◆ **What is expected**
Would you retype the listing below word for word, without any of its pictures?

◆ **Data**
• • • •
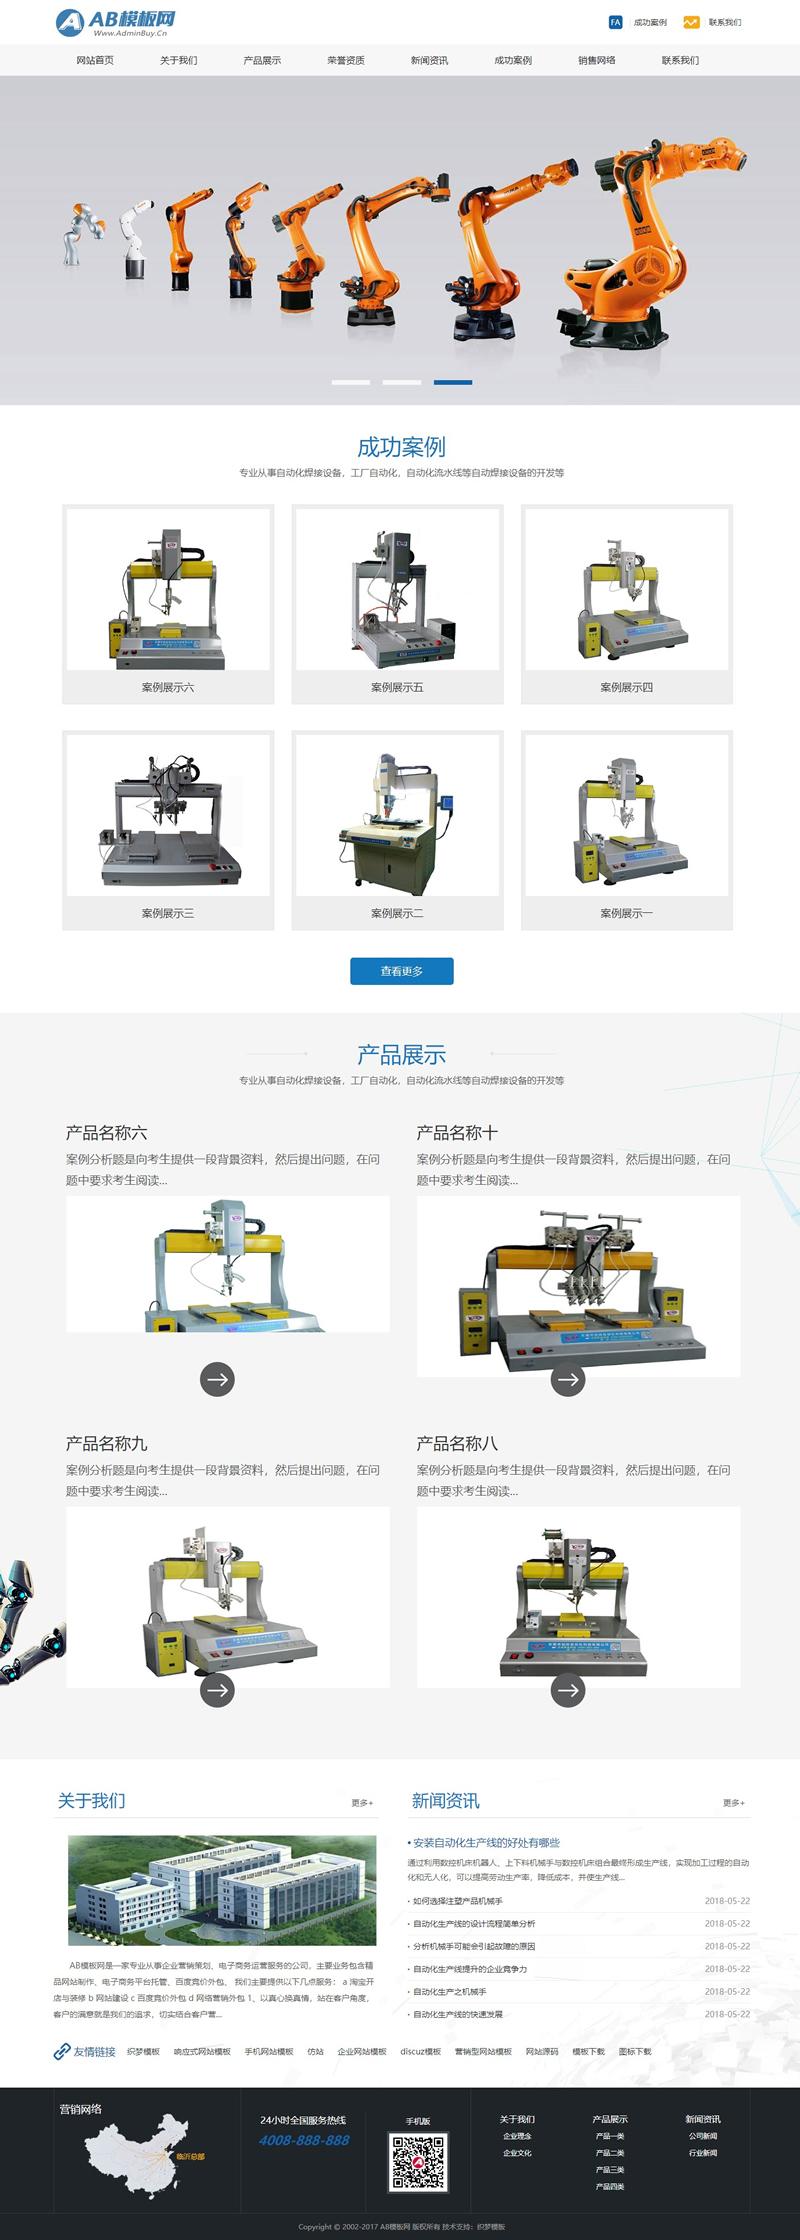 织梦dede模板蓝色自动化机器人网站源码电脑版+手机版数据同步
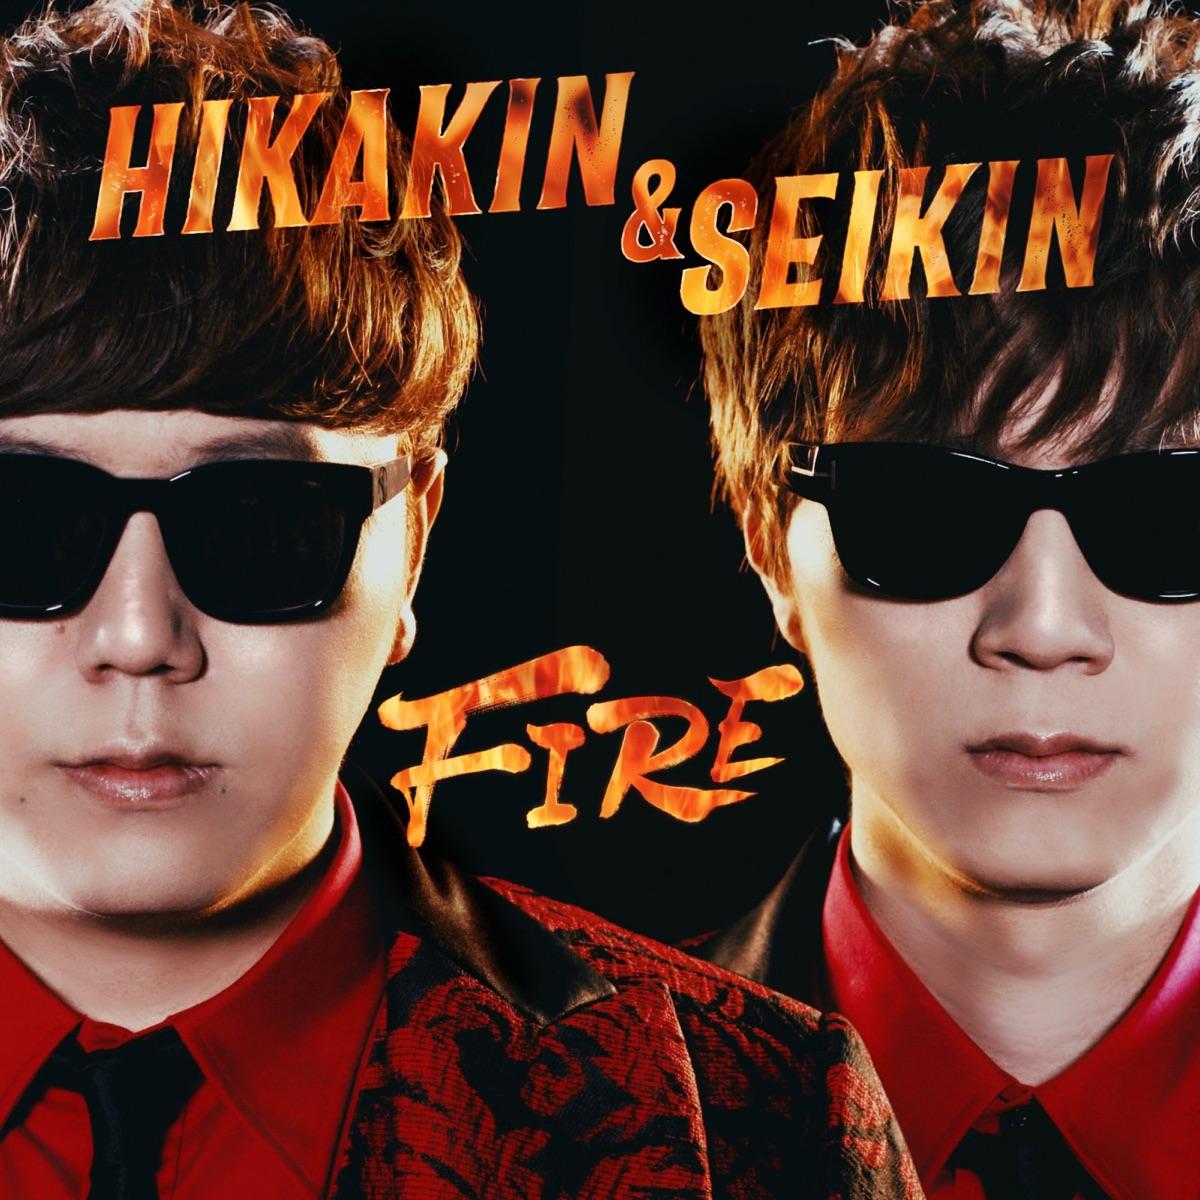 『HIKAKIN & SEIKIN - FIRE』収録の『FIRE』ジャケット
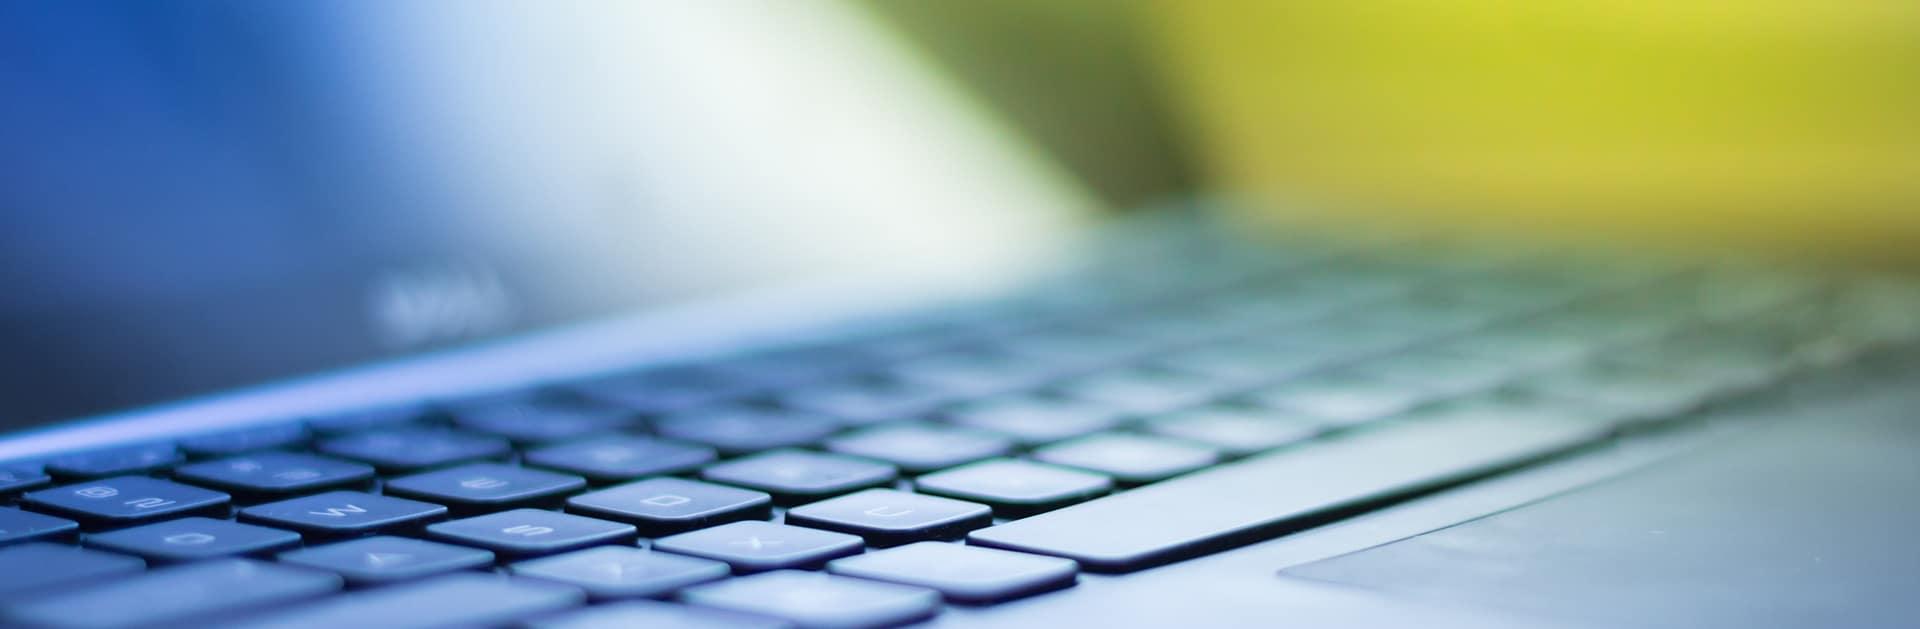 Toetsenbord van een laptop met software
• • • •
◆ **Answer to this exercise**
 织梦dede模板蓝色自动化机器人网站源码电脑版+手机版数据同步
 『HIKAKIN & SEIKIN - FIRE』収録の『FIRE』ジャケット
 Toetsenbord van een laptop met software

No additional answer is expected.